GIVEN DATA:

::::::::

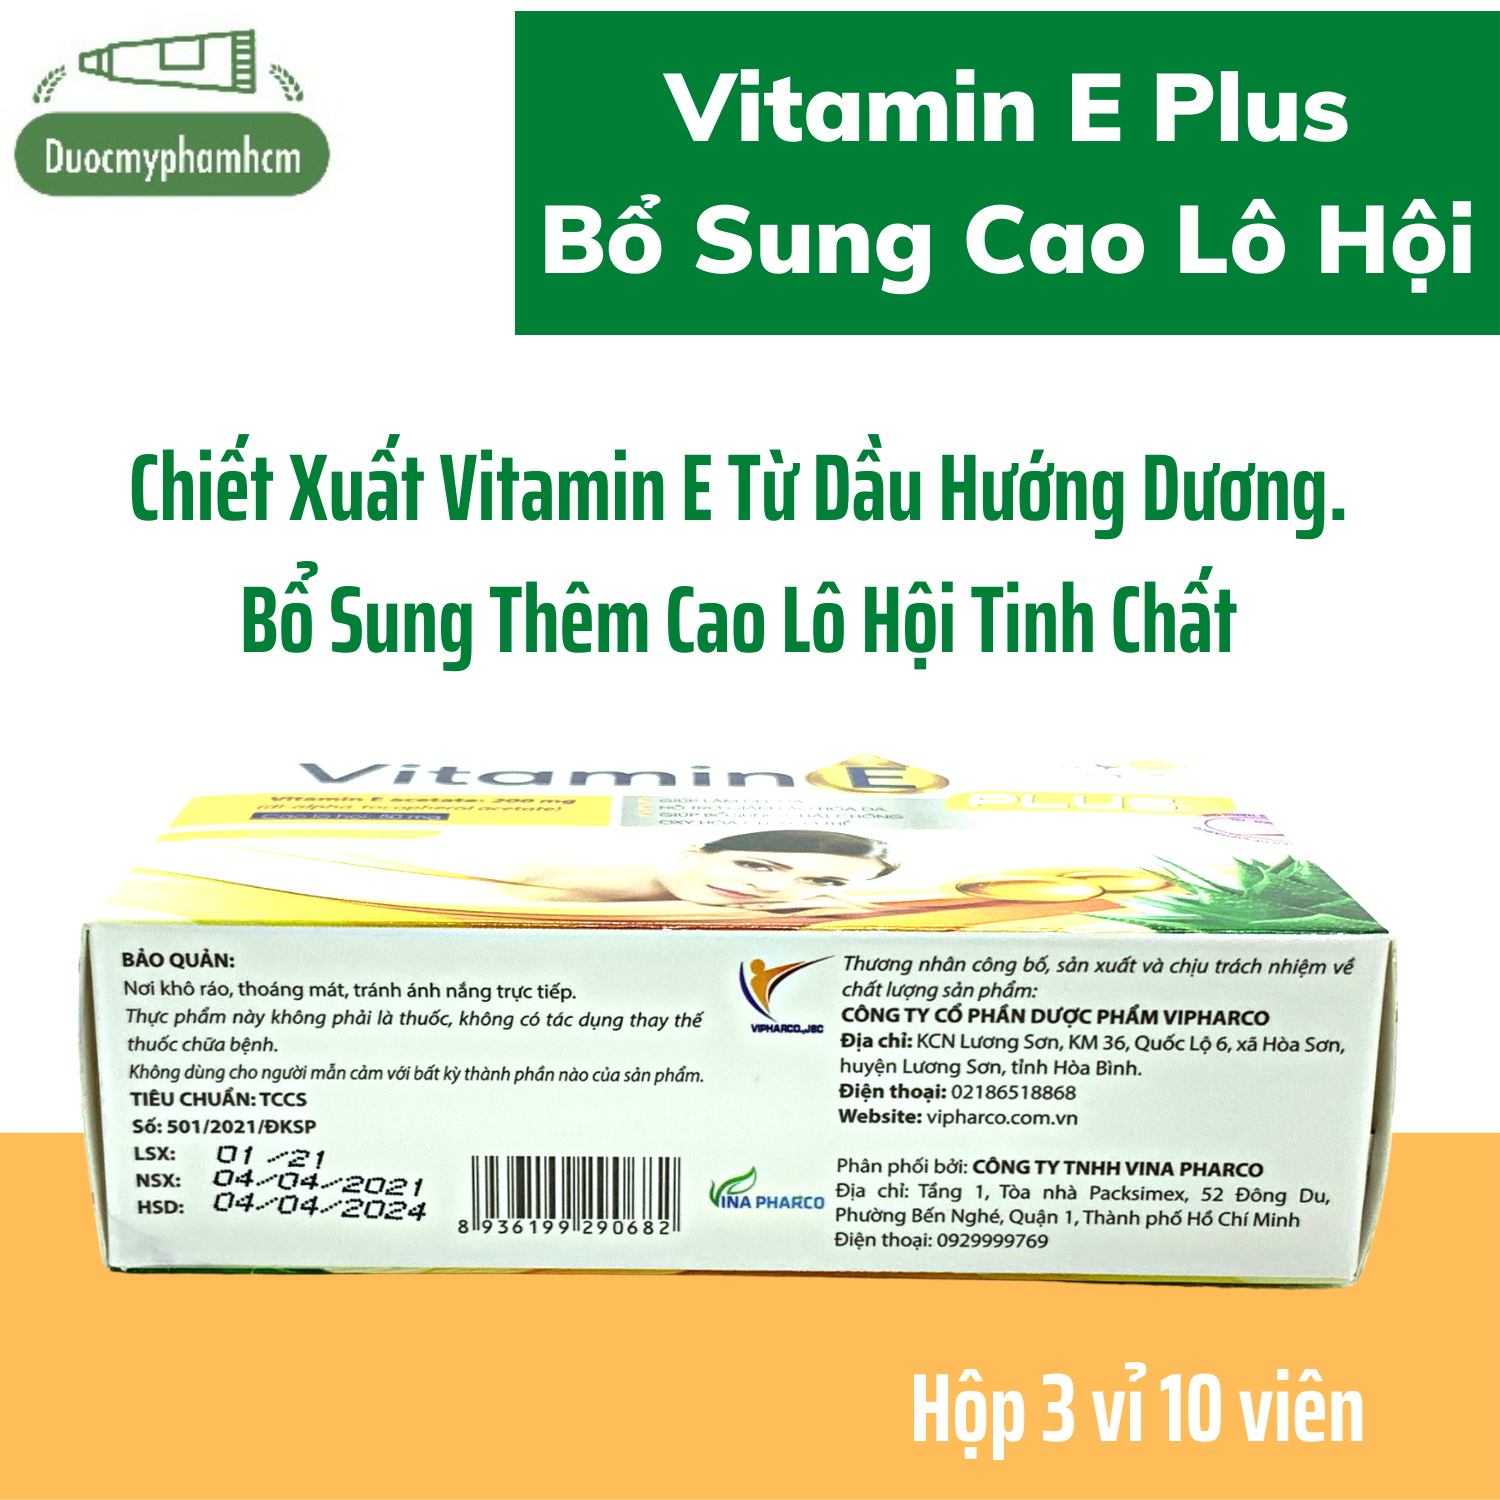 [HCM]Vitamin E Plus, Làm Đẹp Da, Ngừa Thâm Nám, Giảm Lão Hóa Da, Bổ Sung Chất Chống Oxy Hóa, Hộp 30 Viên
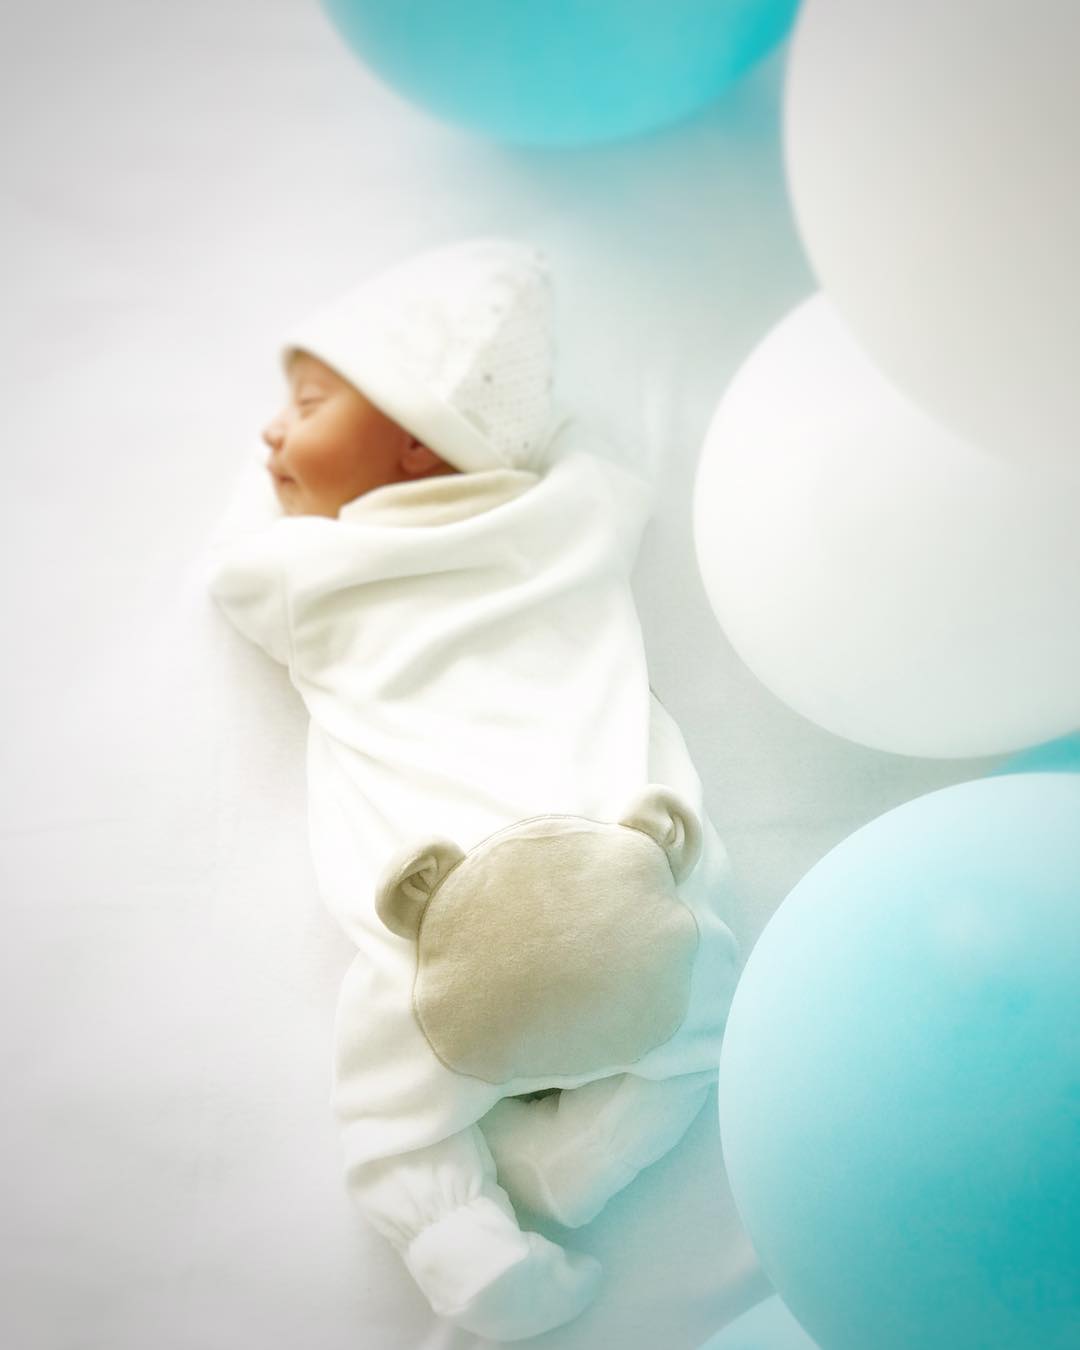 2018 começou a “dar os seus frutos” quando Lourenço, o terceiro filho de Núria Madruga e Vasco Silva, nasceu a dia 2 de janeiro. | Foto via Instagram @nuriamadruga
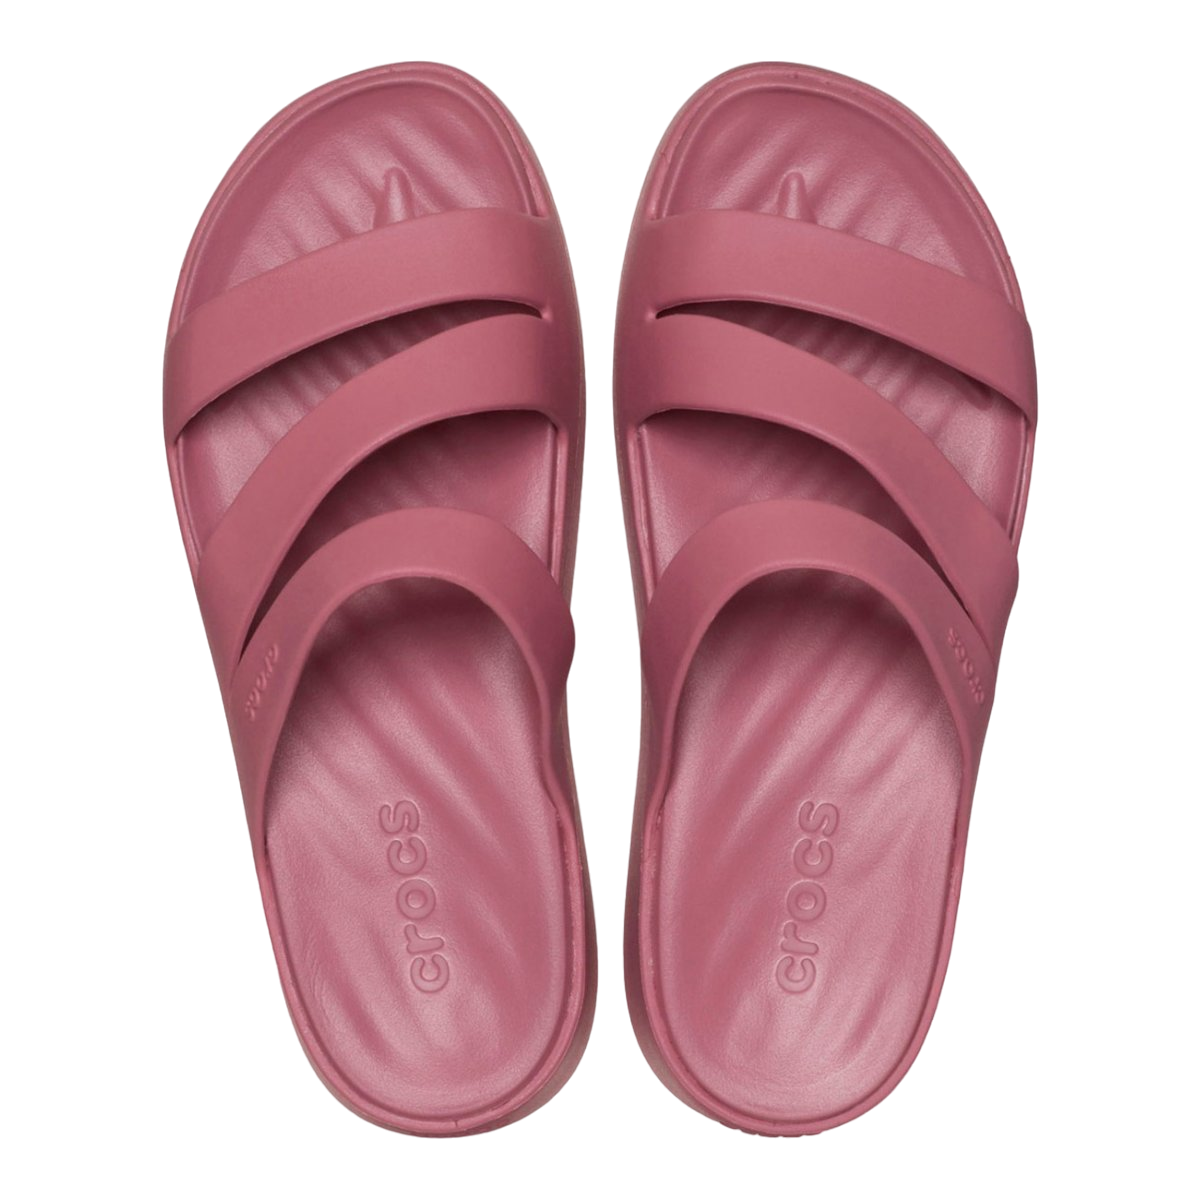 Crocs Fuga Strappy sandal slipper for women 209587-5PG cassis

::::::::

EXERCISE OBJECTIVE: Return the listing verbatim, pictures omitted.

TASK RESULT:
 [HCM]Vitamin E Plus, Làm Đẹp Da, Ngừa Thâm Nám, Giảm Lão Hóa Da, Bổ Sung Chất Chống Oxy Hóa, Hộp 30 Viên
 2018 começou a “dar os seus frutos” quando Lourenço, o terceiro filho de Núria Madruga e Vasco Silva, nasceu a dia 2 de janeiro. | Foto via Instagram @nuriamadruga
 Crocs Fuga Strappy sandal slipper for women 209587-5PG cassis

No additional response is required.